The coat of arms of Soviet Kirovohrad was adopted on 14 January 1969.

Technically this totally new symbol of the city wasn't a real coat of arms designed according to the principles of heraldry. The emblem looked like a French shield of dark blue colour with silver rim and bearing a golden stylized ear of wheat superimposed with the half of the golden cog-wheel. The chief of the shield (as well rimmed with silver) had two stripes: a dark blue one (2/3 of the chief) and a red one, and was superimposed with a silver circle bearing golden hammer and a sickle crossed diagonally. The base of the shield was green with silver rim and golden cannon with three golden balls.

The emblem utilized well-known Soviet symbols. The chief followed the colours of the UkrSSR flag and bore the elements of the USSR coat of arms.
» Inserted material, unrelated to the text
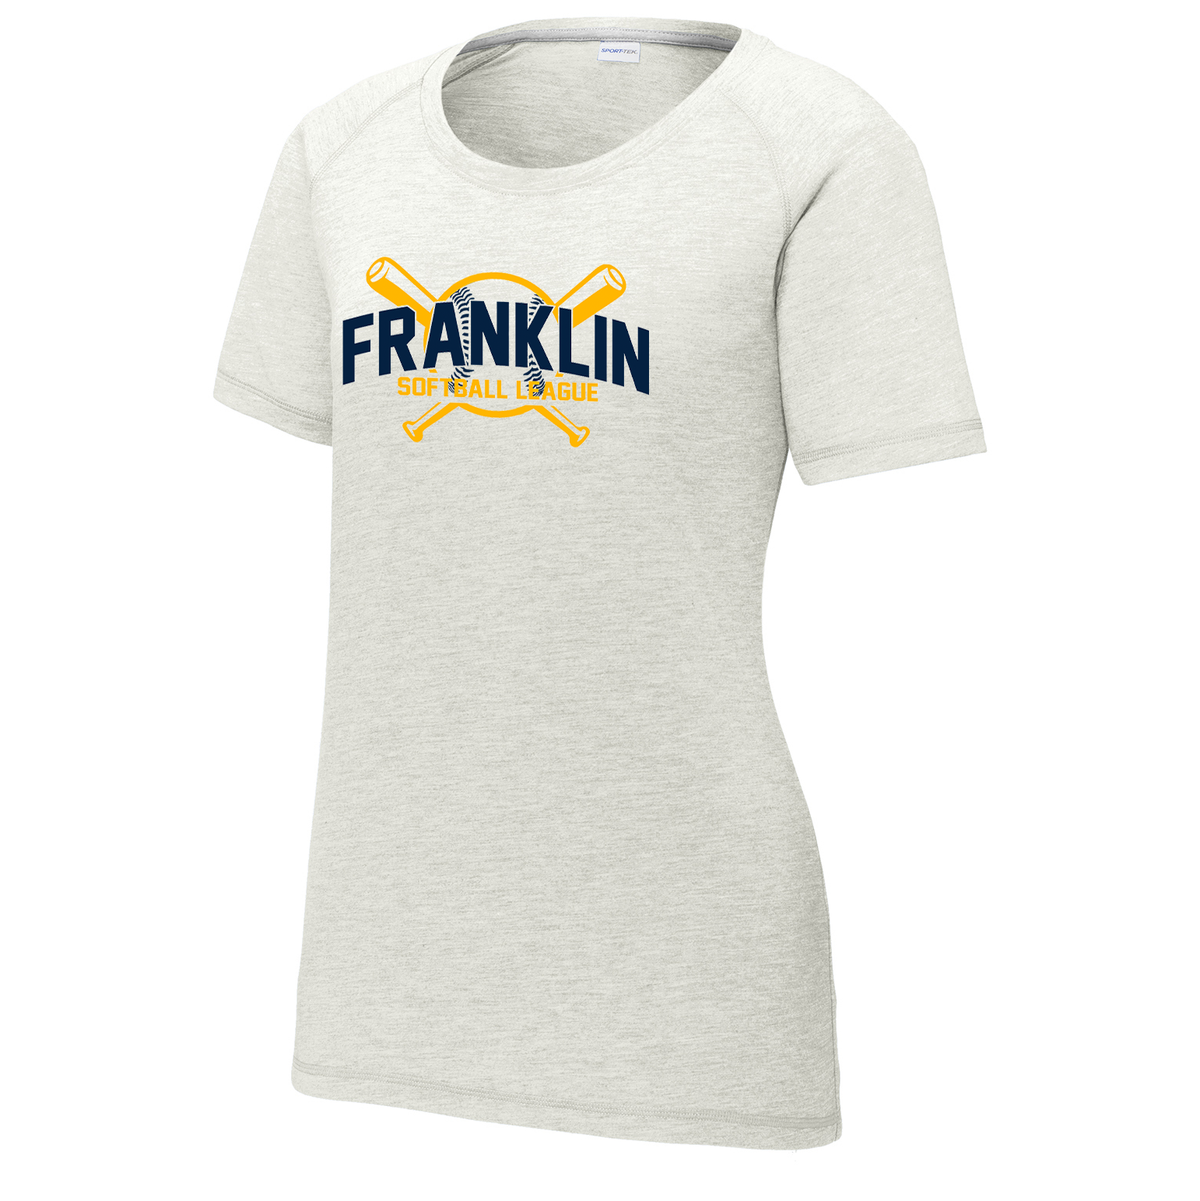 Franklin Township Softball League Women's Raglan CottonTouch

The ear of wheat and cog-wheel spoke about the agroindustrial character of Kirovohrad's economy. The cannon with balls symbolized the past of the city.

One could try to blazon the emblem in the following way: Azure fimbriated Argent an Ear of Wheat Or overall Half of Cog-Wheel Or, on Chief Gules and Azure also fimbriated Argent a Plate with a Hammer and a Sickle both Or in saltire, on Base Vert fimbriated Argent a Cannon Or with three Cannon Balls Or.

In order to comply with decommunization laws Kirovohrad was renamed in July 2016 by the Ukrainian parliament to Kropyvnytskyi.